_TASK INPUT_.
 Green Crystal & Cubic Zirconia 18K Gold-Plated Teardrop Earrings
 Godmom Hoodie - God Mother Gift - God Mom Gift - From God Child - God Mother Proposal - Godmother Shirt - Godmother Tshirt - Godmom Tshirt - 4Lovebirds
...
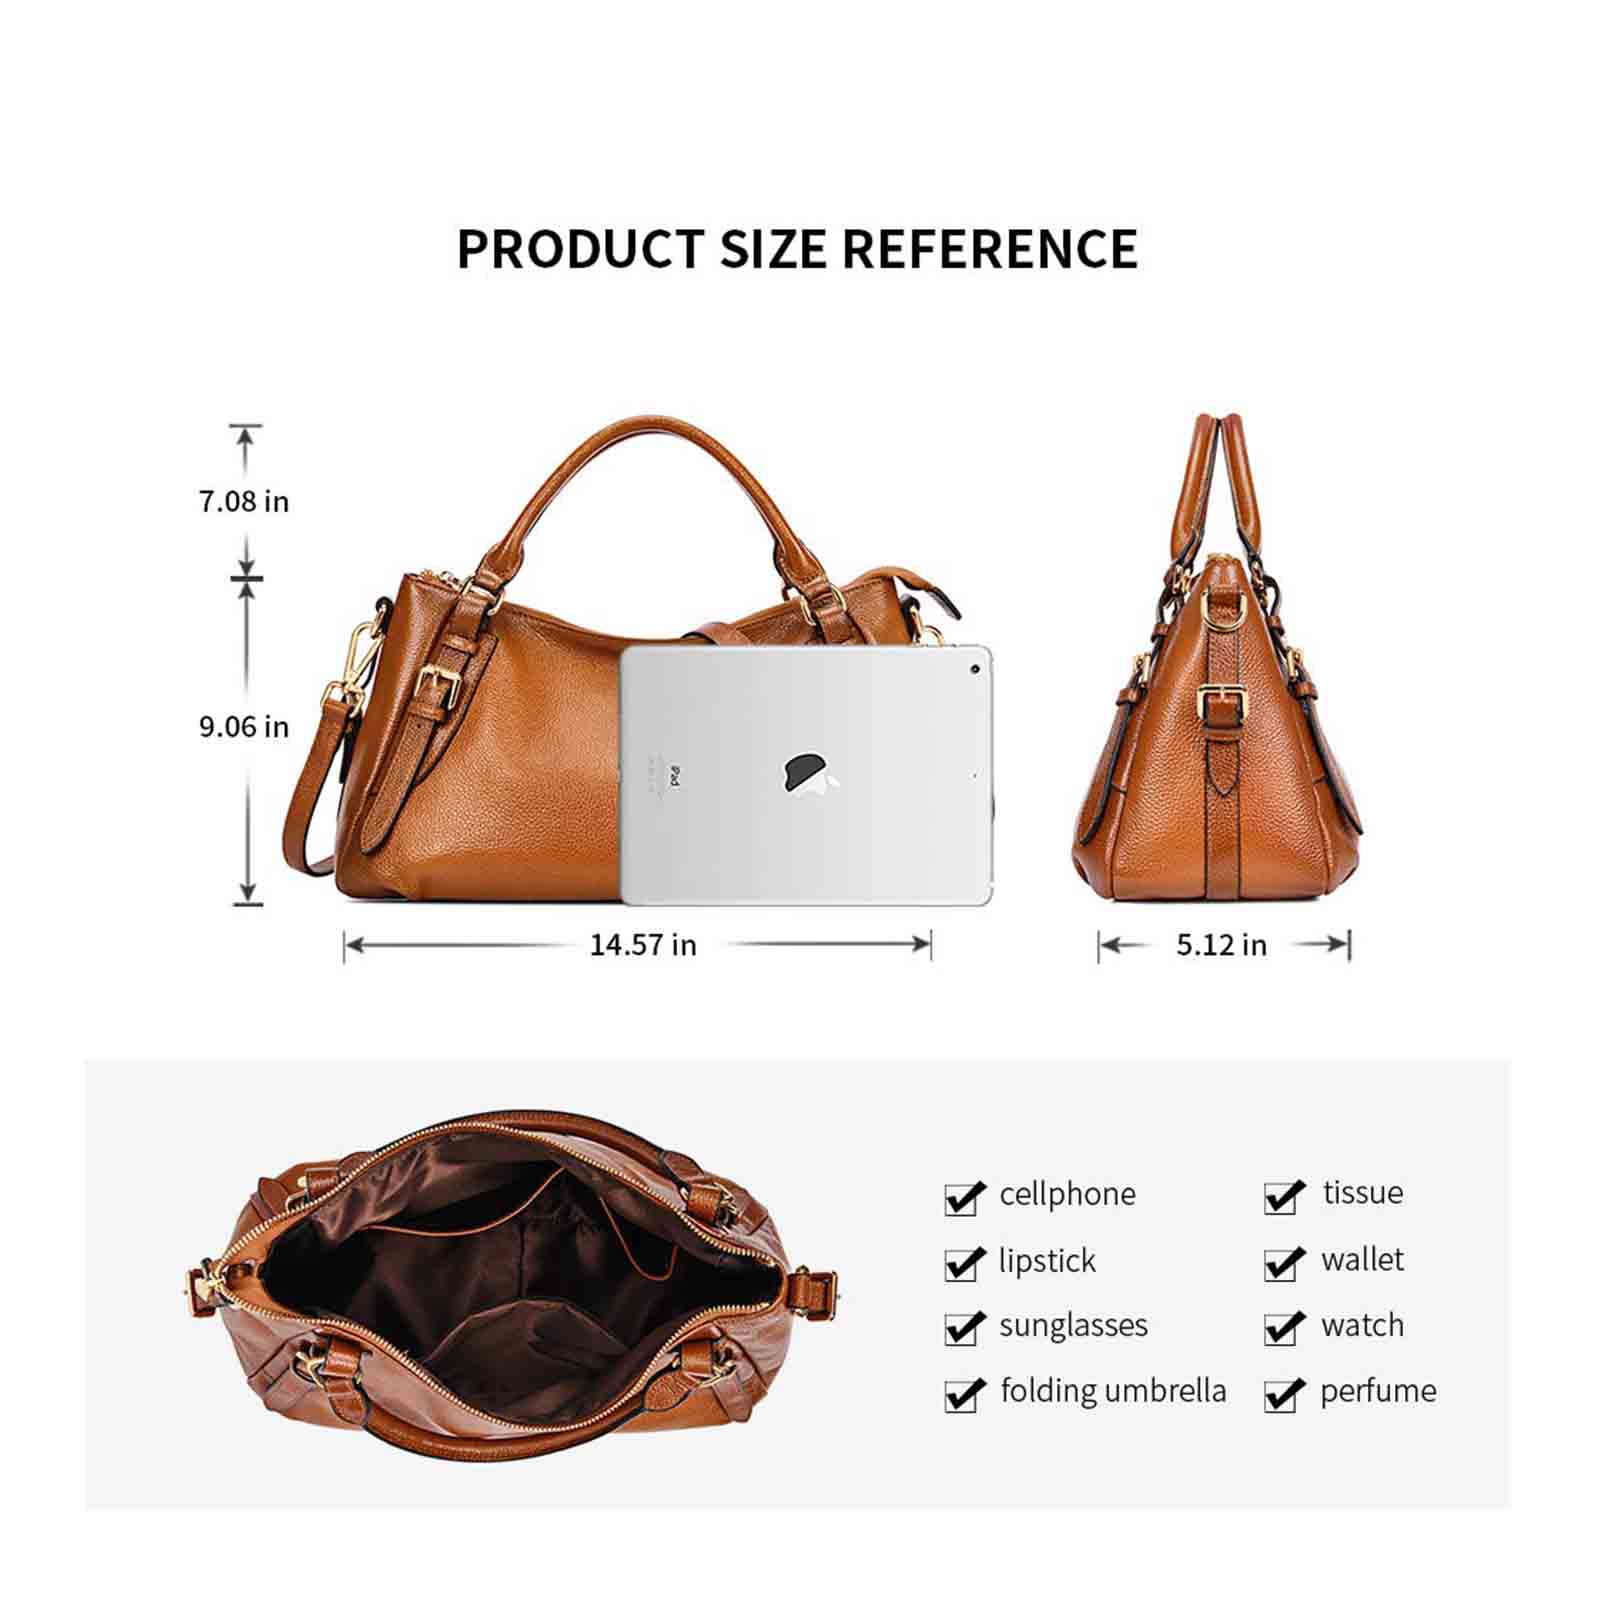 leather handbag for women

_YOUR OBJECTIVE_.
Reproduce verbatim only the segment of the listing bounded by the line containing "Green Crystal &" and the line containing "Godmom Hoodie - God", with both boundary lines included.

_FINISHED TASK_.
 Green Crystal & Cubic Zirconia 18K Gold-Plated Teardrop Earrings
 Godmom Hoodie - God Mother Gift - God Mom Gift - From God Child - God Mother Proposal - Godmother Shirt - Godmother Tshirt - Godmom Tshirt - 4Lovebirds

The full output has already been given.